Architecture¶
Detailed architecture of the Omni TrueNAS infrastructure provider.
System Context¶
flowchart TB
User([User / Platform Admin])
Omni[Sidero Omni]
Provider[omni-infra-provider-truenas]
TrueNAS[TrueNAS SCALE]
Factory[Talos Image Factory]
VM[Talos Linux VM]
User -->|scales cluster / creates MachineSet| Omni
Omni -->|MachineRequest via gRPC| Provider
Provider -->|JSON-RPC 2.0| TrueNAS
Provider -->|HTTPS| Factory
TrueNAS -->|creates & starts| VM
VM -->|SideroLink · WireGuard| Omni
Component Overview¶
flowchart LR
subgraph Entry["cmd/"]
Main[main.go<br/>env config · transport detection · health checks]
end
subgraph Core["internal/"]
Client[client/<br/>JSON-RPC 2.0 transport<br/>VM · Device · Storage ops]
Provisioner[provisioner/<br/>4 provision steps<br/>+ deprovision]
Cleanup[cleanup/<br/>stale ISO · orphan VM<br/>background cleanup]
Resources[resources/<br/>COSI typed resources]
Telemetry[telemetry/<br/>OTel · metrics]
end
subgraph External
Omni[Sidero Omni]
TrueNAS[TrueNAS SCALE]
end
Main --> Client
Main --> Provisioner
Main --> Cleanup
Provisioner --> Client
Cleanup --> Client
Main -.->|registers provider| Omni
Client -->|JSON-RPC 2.0| TrueNAS
Provision Lifecycle¶
The full sequence from MachineRequest to a running, enrolled VM:
sequenceDiagram
participant Omni as Sidero Omni
participant P as Provider
participant TN as TrueNAS SCALE
participant IF as Image Factory
Omni->>P: MachineRequest (cpus, memory, disk_size, ...)

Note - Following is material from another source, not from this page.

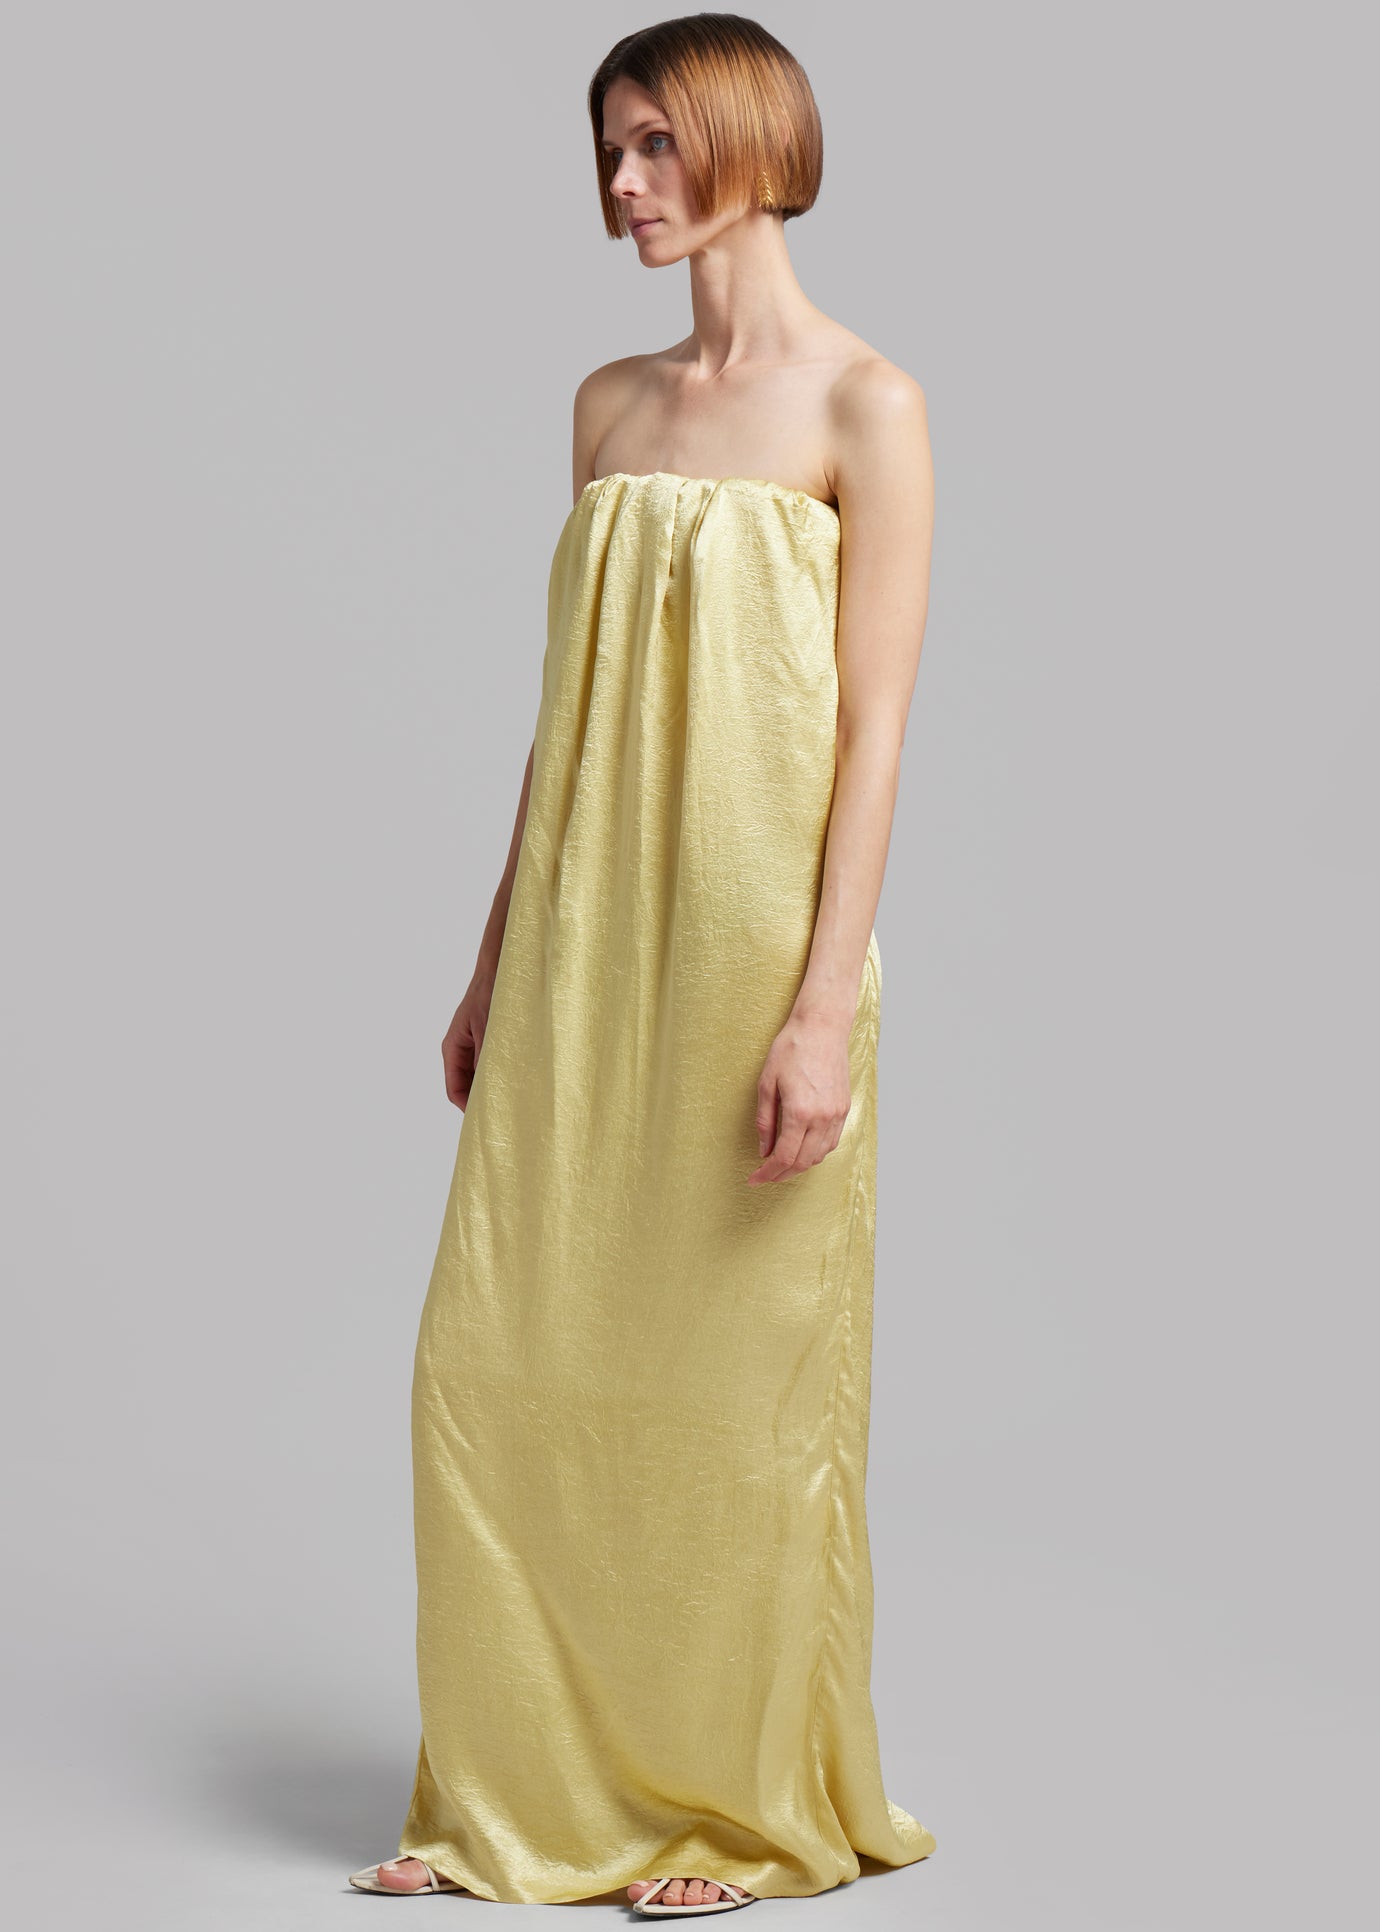 Anna October Tiana Maxi Dress - Yellow

Note over P: Step 1: createSchematic
P->>IF: POST schematic (extensions list)
IF-->>P: schematic ID
Note over P: Step 2: uploadISO
P->>P: Check ISO cache (SHA-256)
alt ISO not cached
P->>IF: Download Talos nocloud ISO
IF-->>P: ISO bytes
P->>TN: Upload ISO to pool/talos-iso/
end
Note over P: Step 3: createVM
P->>TN: Create zvol (disk_size GiB)
P->>TN: Create VM (cpus, memory, boot_method)
P->>TN: Attach CDROM (ISO)
P->>TN: Attach DISK (zvol)
P->>TN: Attach NIC (bridge/VLAN)
P->>TN: Start VM
P->>TN: Poll status until RUNNING
TN-->>P: VM status: RUNNING
P-->>Omni: MachineRequest fulfilled
Note over TN: VM boots Talos Linux
TN->>Omni: SideroLink (outbound WireGuard)
Deprovision Lifecycle¶
sequenceDiagram
participant Omni as Sidero Omni
participant P as Provider
participant TN as TrueNAS SCALE
Omni->>P: Machine removal
P->>TN: Stop VM
P->>TN: Delete VM (removes all device attachments)
P->>TN: Delete zvol
P-->>Omni: Machine deprovisioned
Transport¶
flowchart TD
Start([Provider starts]) --> Check{TRUENAS_HOST +<br/>TRUENAS_API_KEY set?}
Check -->|Yes| WS[WebSocket JSON-RPC 2.0<br/>API key auth · TLS]
Check -->|No| Fail([Startup failure:<br/>TRUENAS_HOST / TRUENAS_API_KEY required])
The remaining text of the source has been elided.